Material provided Start Marker

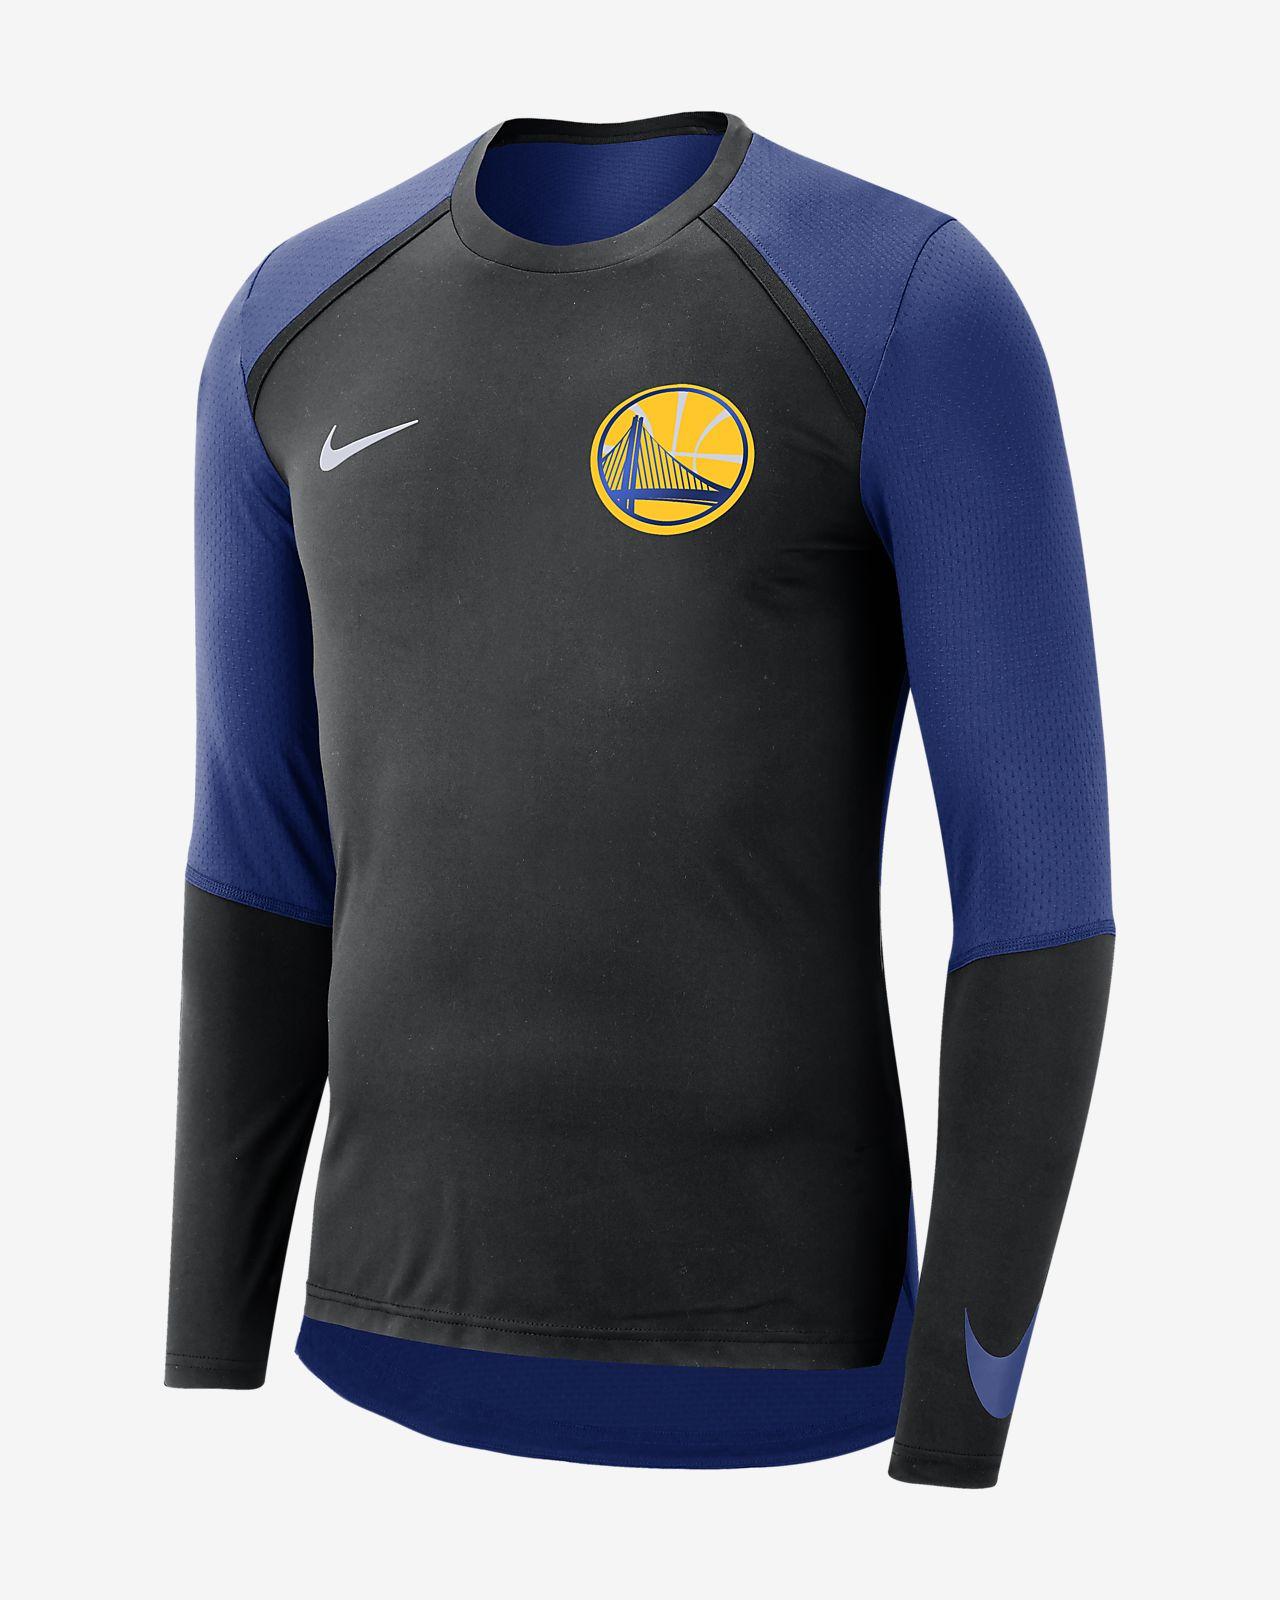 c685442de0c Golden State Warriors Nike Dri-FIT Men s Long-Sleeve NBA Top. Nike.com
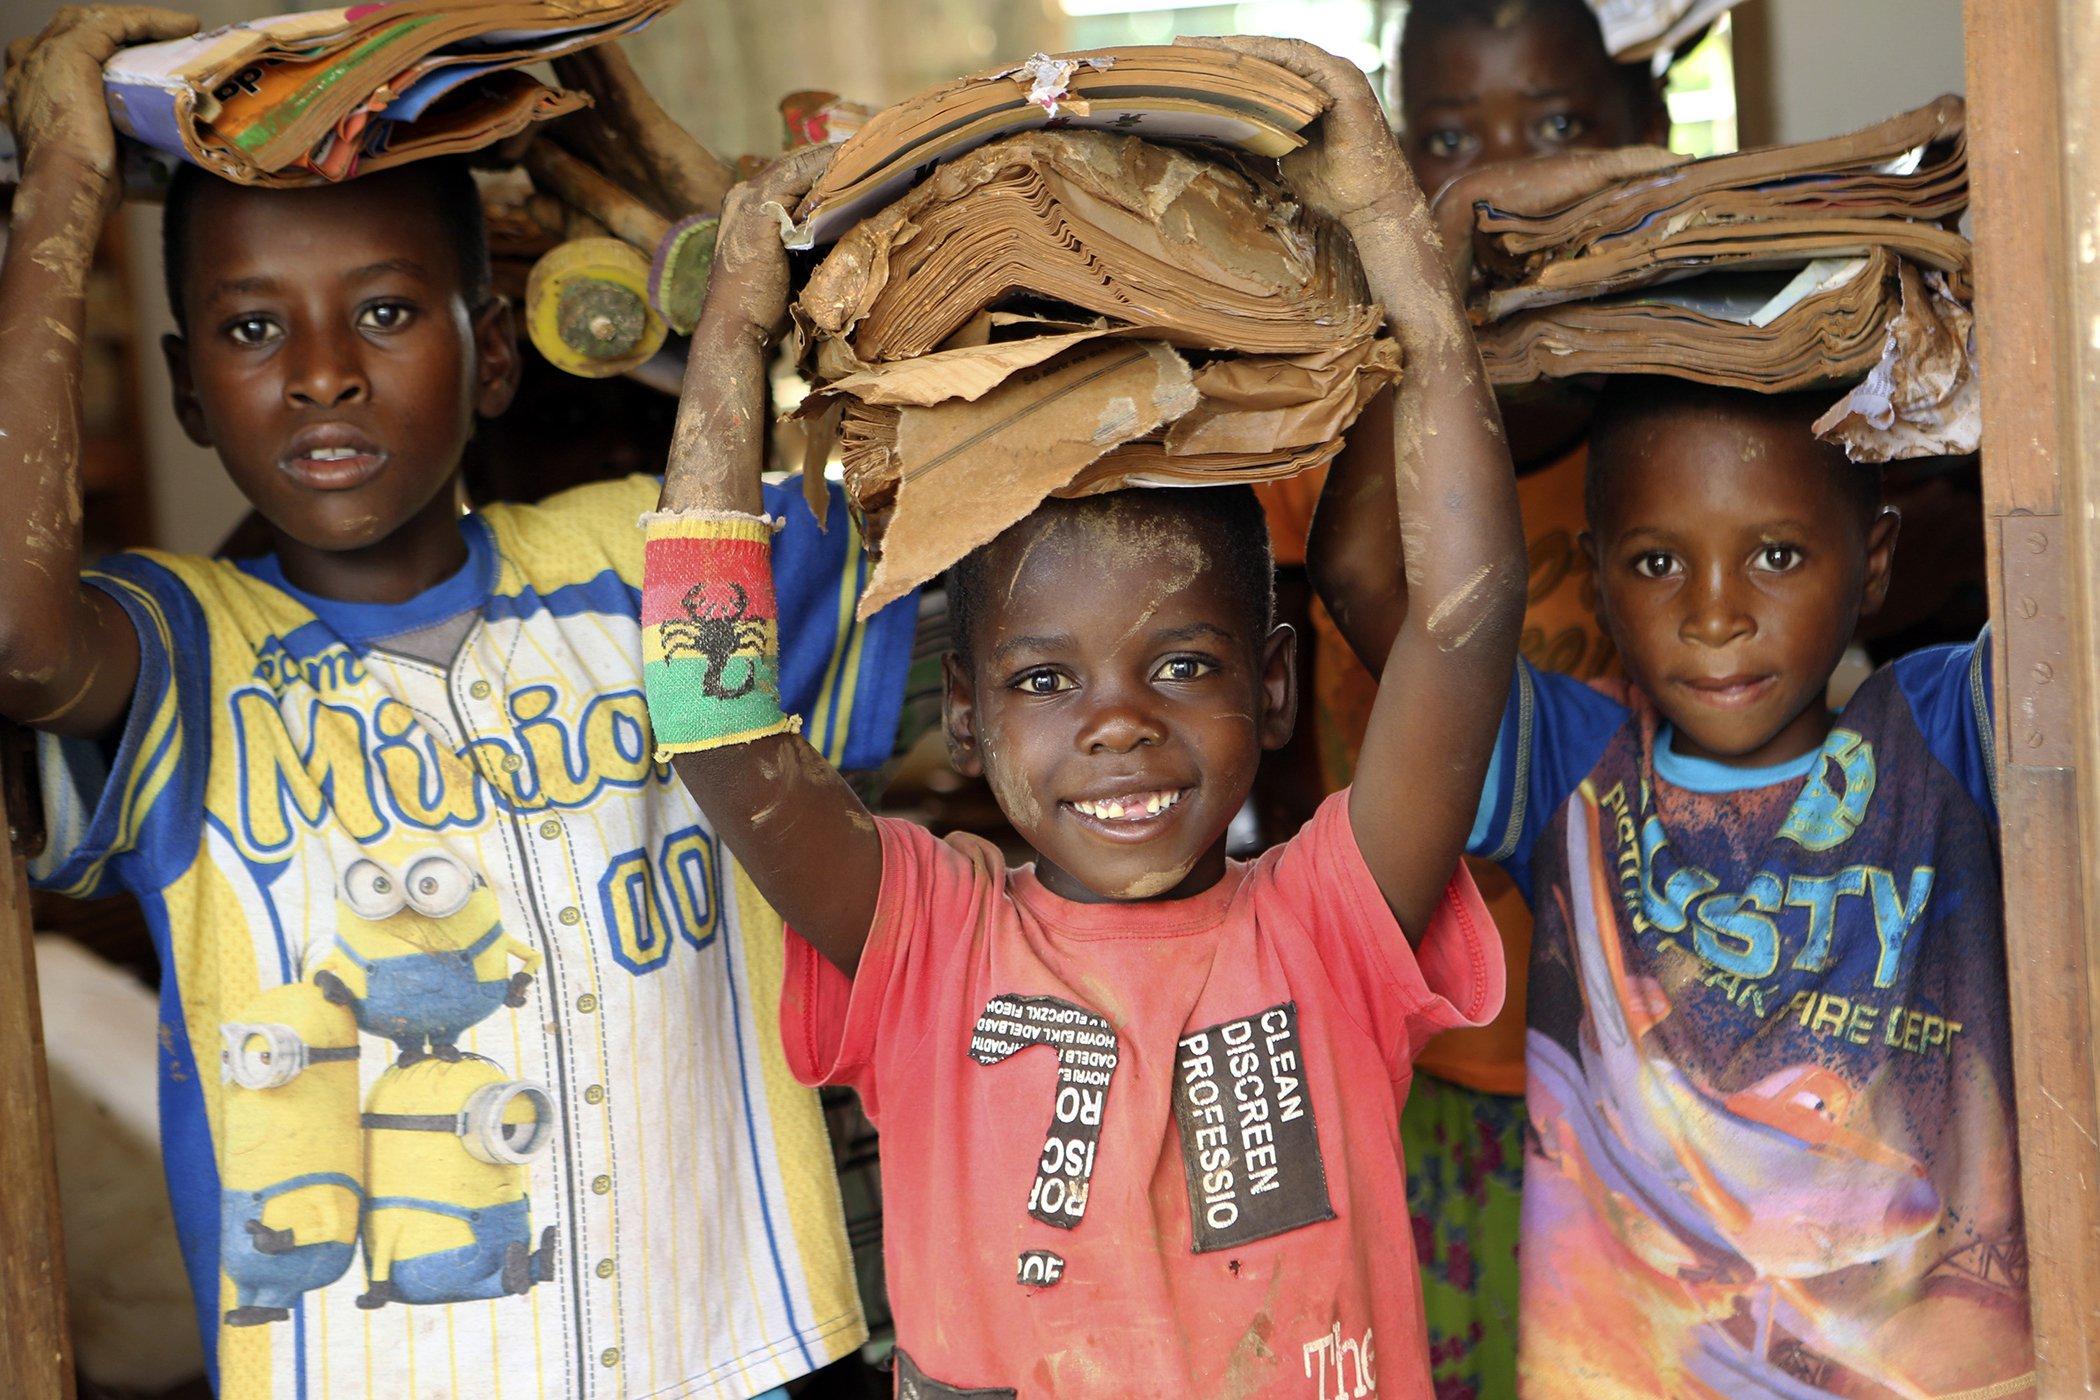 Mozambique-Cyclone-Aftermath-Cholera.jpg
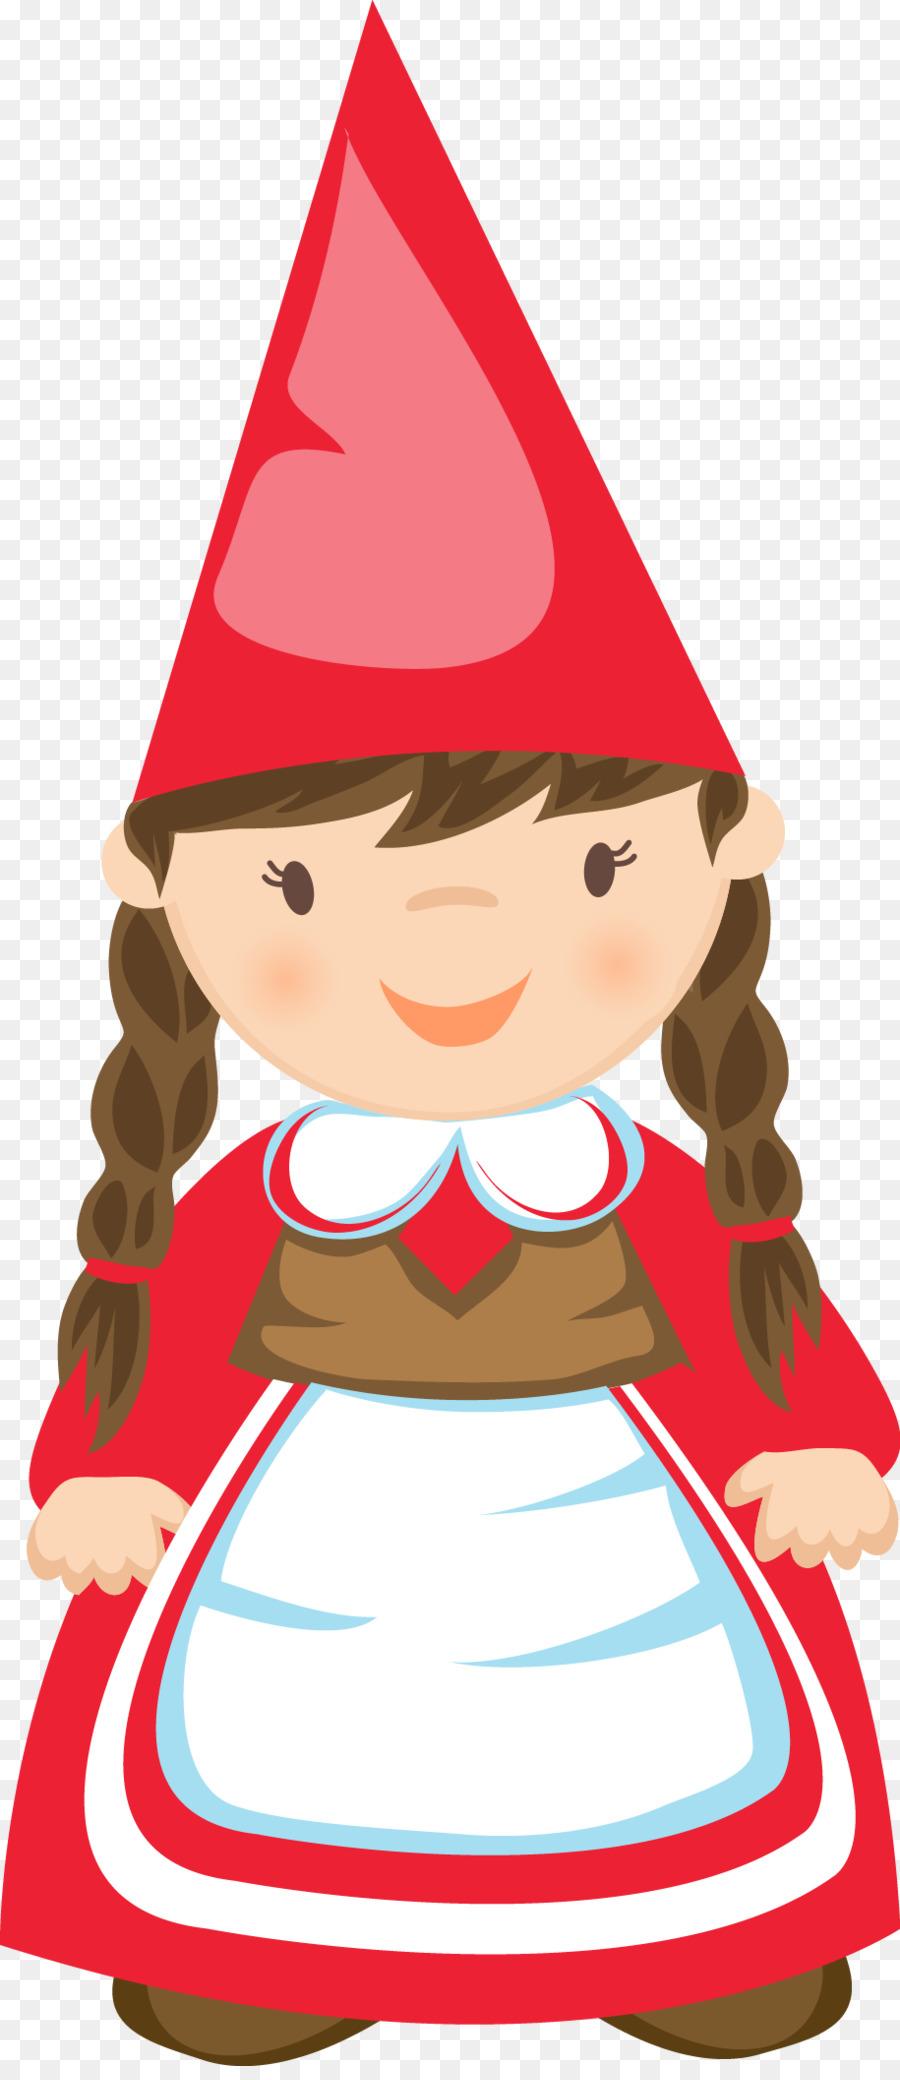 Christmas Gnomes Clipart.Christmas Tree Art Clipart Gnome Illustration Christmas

Material provided End Marker

▶ [Exercise brief]: Retype the listing above exactly. Pictures are not part of the copy.

▶ [Result]:
 c685442de0c Golden State Warriors Nike Dri-FIT Men s Long-Sleeve NBA Top. Nike.com
 Mozambique-Cyclone-Aftermath-Cholera.jpg
 Christmas Gnomes Clipart.Christmas Tree Art Clipart Gnome Illustration Christmas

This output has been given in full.